An accidental collision during agricultural protests in France causes the death of a woman and her daughter |

A farmer and her daughter died this Tuesday after a vehicle crashed into a barricade erected on a road in southwestern France. The accident, in which her husband and father was also injured, occurs in the midst of farmers’ protests in the country, a mobilization that is growing every day and generating concern within the Government of centrist Emmanuel Macron. The prime minister, Gabriel Attal, met on Monday with the main union in the sector and will do so this Tuesday with two others.

The victims, a 35-year-old farmer and her 14-year-old daughter, were run over at 5:45 a.m. during a road block in Pamiers, a town in the southwest of France located a few kilometers from the border with Spain. Both were with their 40-year-old husband and father, who was seriously injured. The death of the teenager, who was in a “critical condition”, was announced by the Foix Prosecutor’s Office at night.

The first indications are that the accident was not premeditated. The Prosecutor’s Office has opened an investigation for “aggravated involuntary manslaughter and aggravated injuries.” The three occupants of the vehicle have been arrested, according to the Public Ministry. The car crashed into a straw wall, erected in the context of the mobilization that has shaken the country since Thursday.

“This drama further legitimizes our struggle,” Luc Smessaert, vice president of the FNSEA agricultural union, the first in France, reacted to BFMTV. The country’s farmers have been protesting for days against rising energy costs and European environmental rules. France is the leading power in the European Union sector and is the first recipient of CAP funds, the bloc’s common agricultural policy.

Since Thursday, several highways in the country have been blocked, such as the A-64, a road that connects Toulouse, in the south, with Bayonne, in the southwest. The mobilization has spread to the entire territory, from north to south and from east to west, with tractors blocking the path with the help of bales of straw.

The main unions threaten to intensify their actions. “The magnitude of what is being prepared will not be altered by this tragedy,” said Arnaud Rousseau, president of the FNSEA, the powerful union created in 1946 and claiming 212,000 participants. “The fight continues,” he insisted on the RMC radio station.

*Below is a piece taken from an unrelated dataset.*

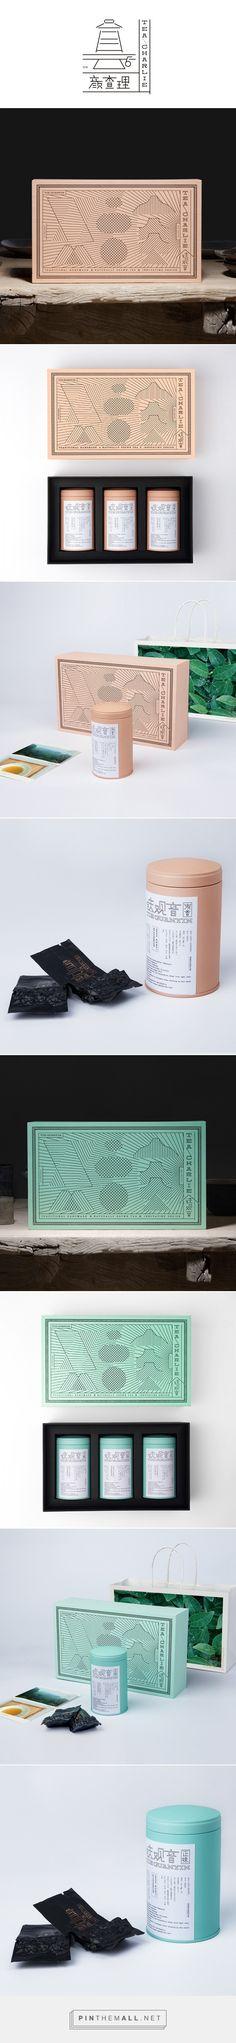 via iyeslogo curated by Packaging Diva PD. Tea Packaging, Food Packaging Design, Packaging Design Inspiration, Brand Packaging, Graphic Design Branding, Stationery Design, Corporate Design, Brochure Design, Tea Design

Jérome Bayle, one of the figures of the protest movement, warned on Monday that farmers were ready to paralyze the capital, Paris, and boycott the next agricultural show in February to be heard by the authorities. The moment is key. The European elections are in June.

The Government, meanwhile, seeks to prevent the first sparks from turning into a fire. “I have asked the Government to fully mobilize to provide concrete solutions to the difficulties they face,” the president, Emmanuel Macron, said on the social networkafter the tragedy.

The Executive has already taken the first steps. The new prime minister, Gabriel Attal, met on Monday with the two major unions, but without announcing any particular measures. This Tuesday he also has meetings with other unions to try to calm the crisis.

It is his first exam since he took office on January 11, succeeding Élisabeth Borne. The Minister of Agriculture, Marc Fesneau, also participated in Monday’s meeting, who has promised a response from the Government before the end of the week.

French farmers are demanding measures ranging from administrative simplification to faster compensation in the event of disasters. The first protests began in autumn, with the overturning of signage panels at the entrance to towns to warn of the feeling of abandonment.

Discontent is fertile ground for the National Rally, the far-right party that leads the polls in France for the upcoming European elections in June. Over the weekend, its president, Jordan Bardella, traveled to the Gironde department, in the southwest, to speak with representatives of the sector. Attal did the same, about 600 kilometers further north.